* [RECORDED DATA]:
= = =

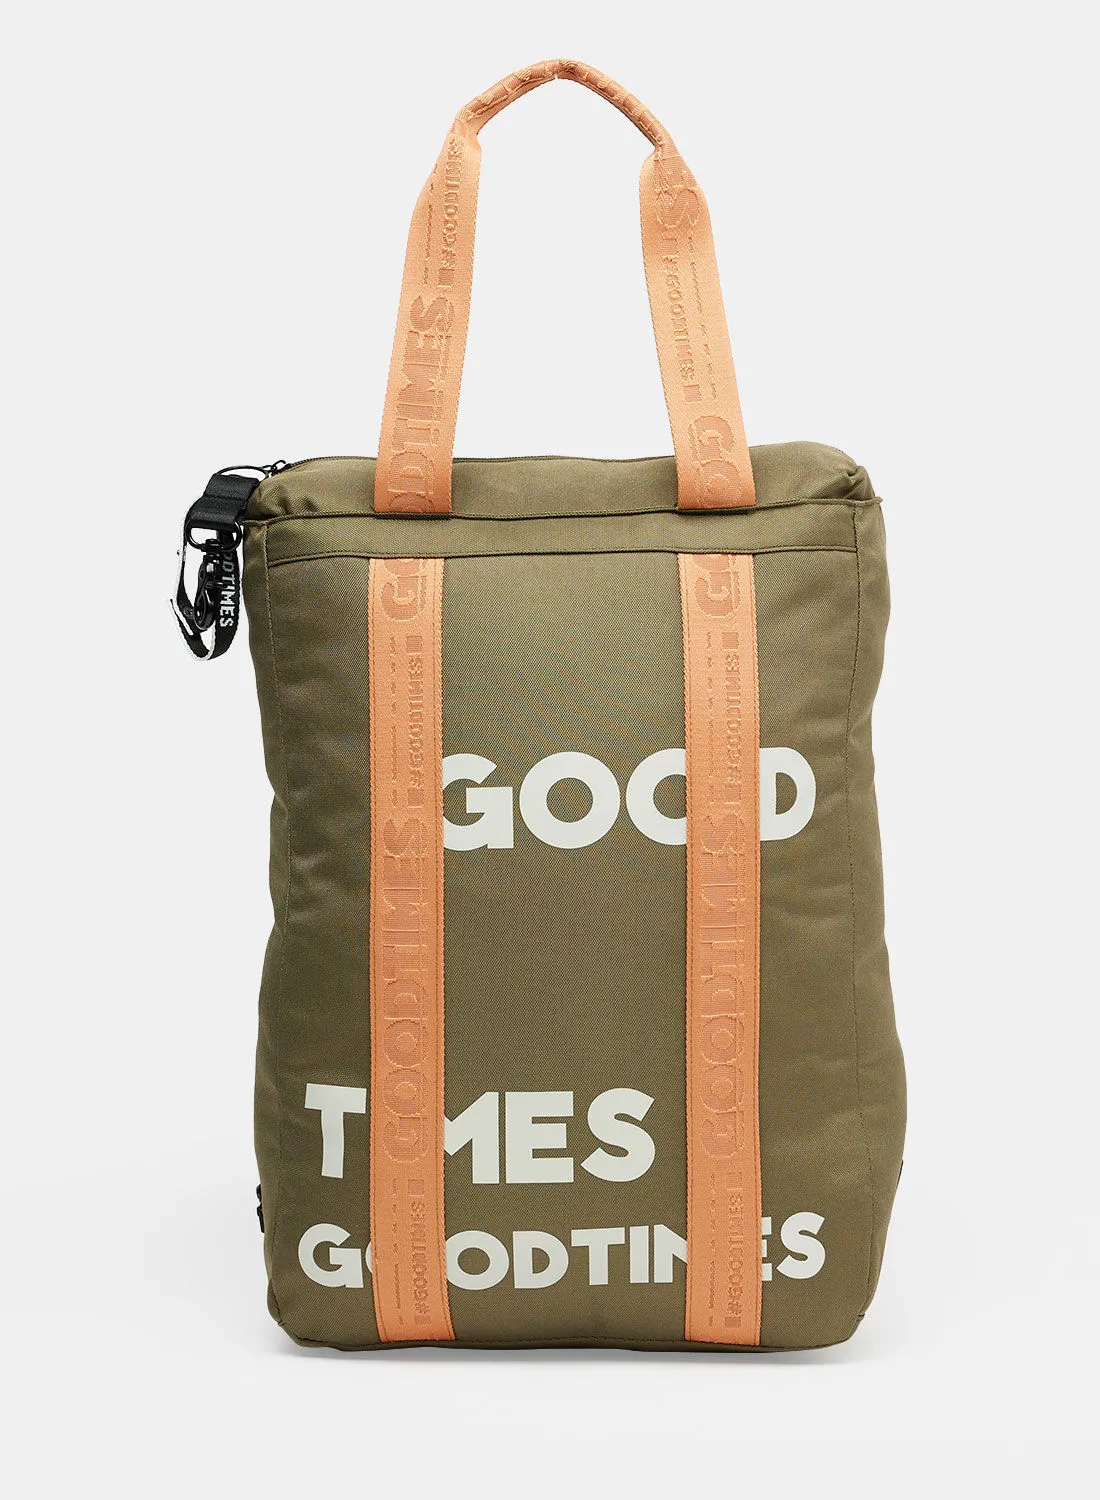 Goodtimes Shoreditch Tote Bag Green
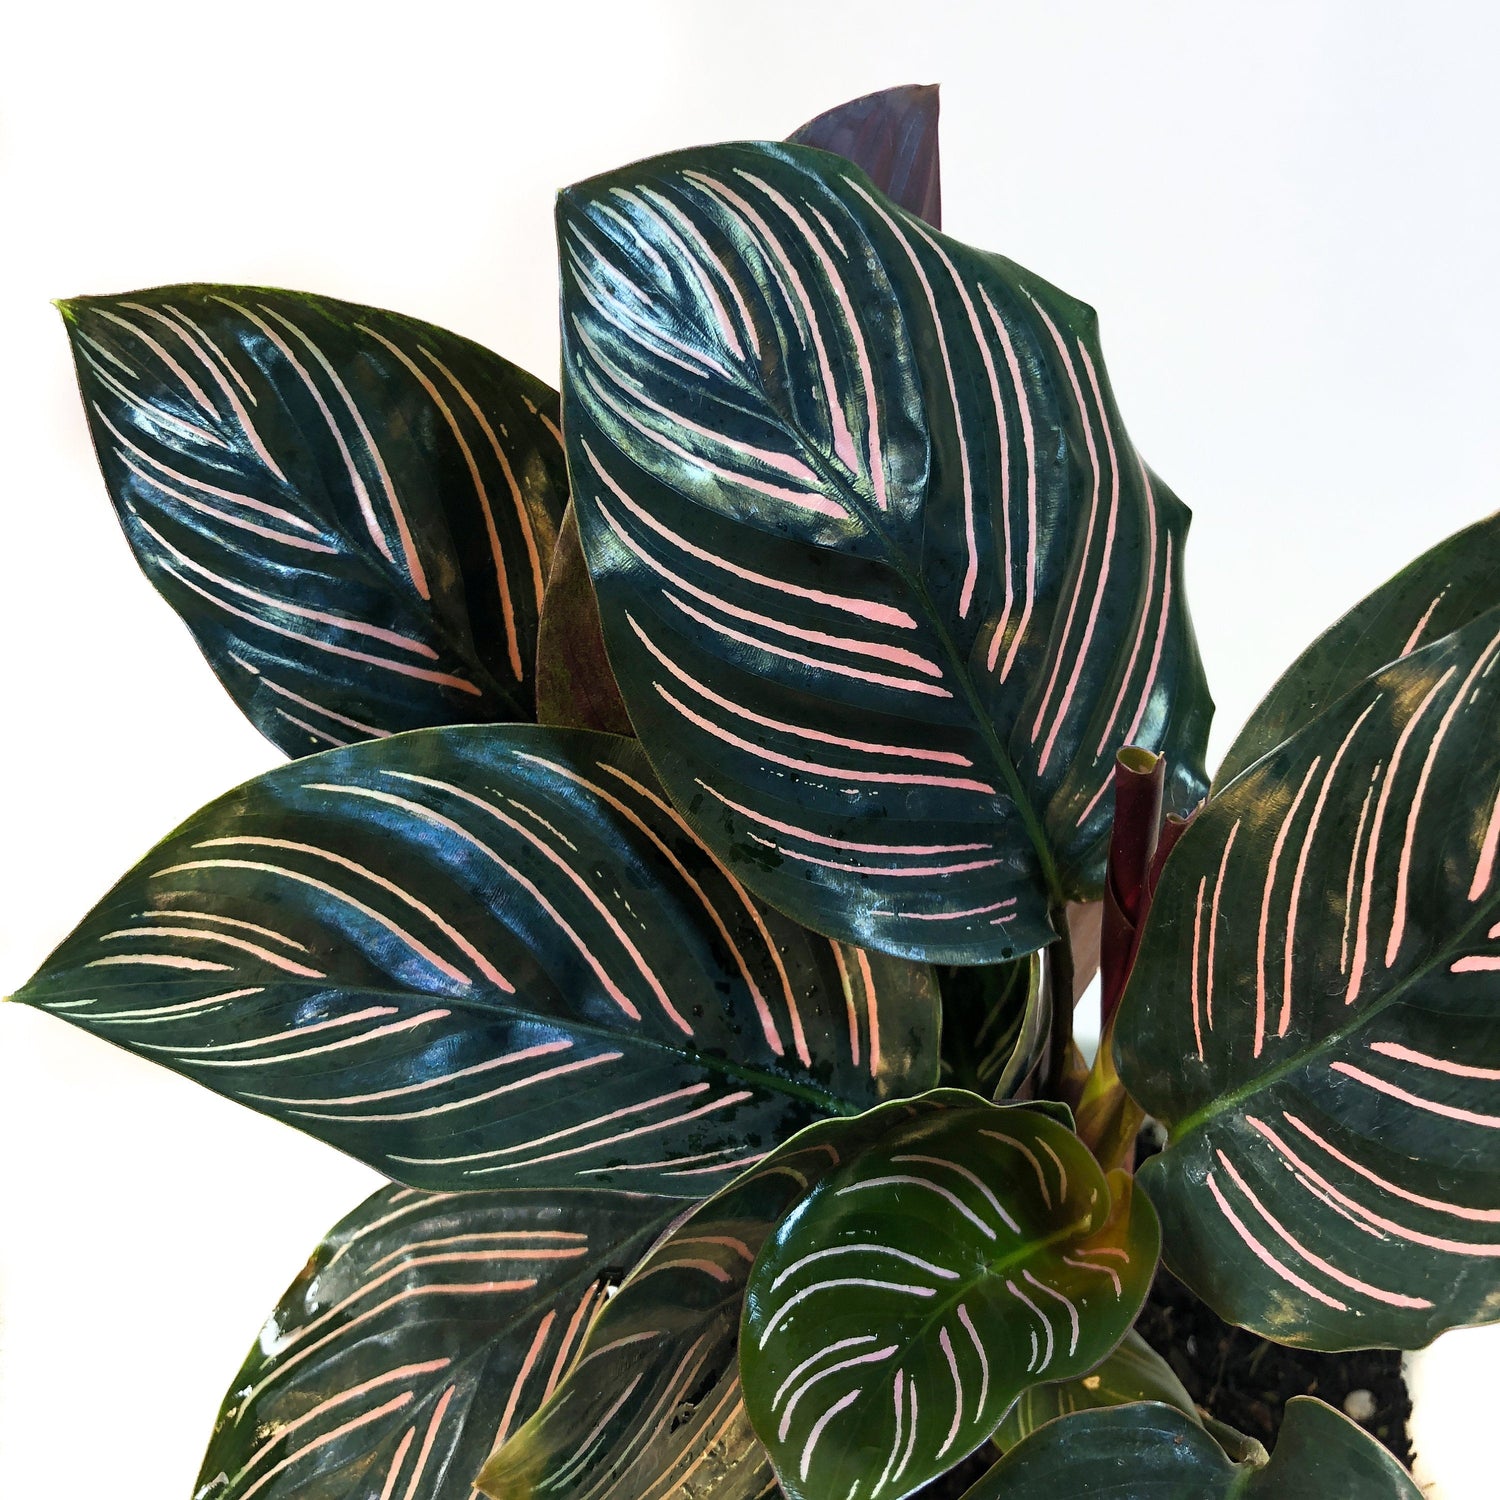 Pin Stripe Calathea - Live Plant in a 4 Inch Pot - Calathea Ornata - B –  Wekiva Foliage
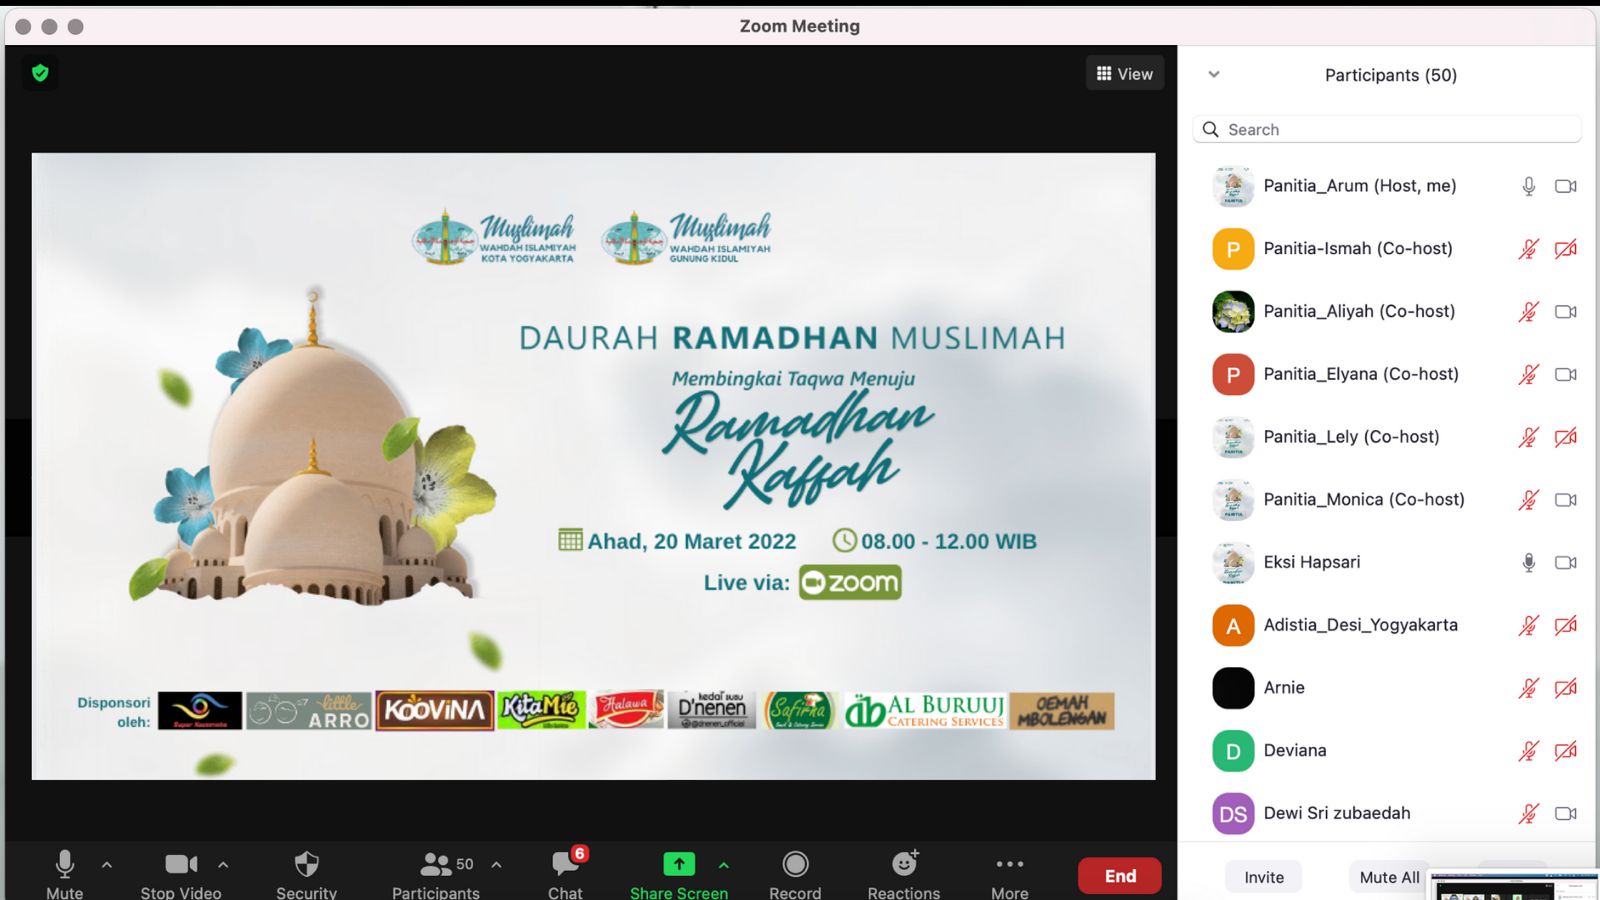 Sambut Ramadhan, Kota Yogyakarta dan Gunung Kidul Sukses Gelar Daurah Muslimah Wahdah

= = =

* [WHAT THE TASK ASKS]:
Pictures stay out; everything else in the listing above gets restated word for word.

* [SOLUTION FOR THIS TASK]:
 Goodtimes Shoreditch Tote Bag Green
 Pin Stripe Calathea - Live Plant in a 4 Inch Pot - Calathea Ornata - B –  Wekiva Foliage
 Sambut Ramadhan, Kota Yogyakarta dan Gunung Kidul Sukses Gelar Daurah Muslimah Wahdah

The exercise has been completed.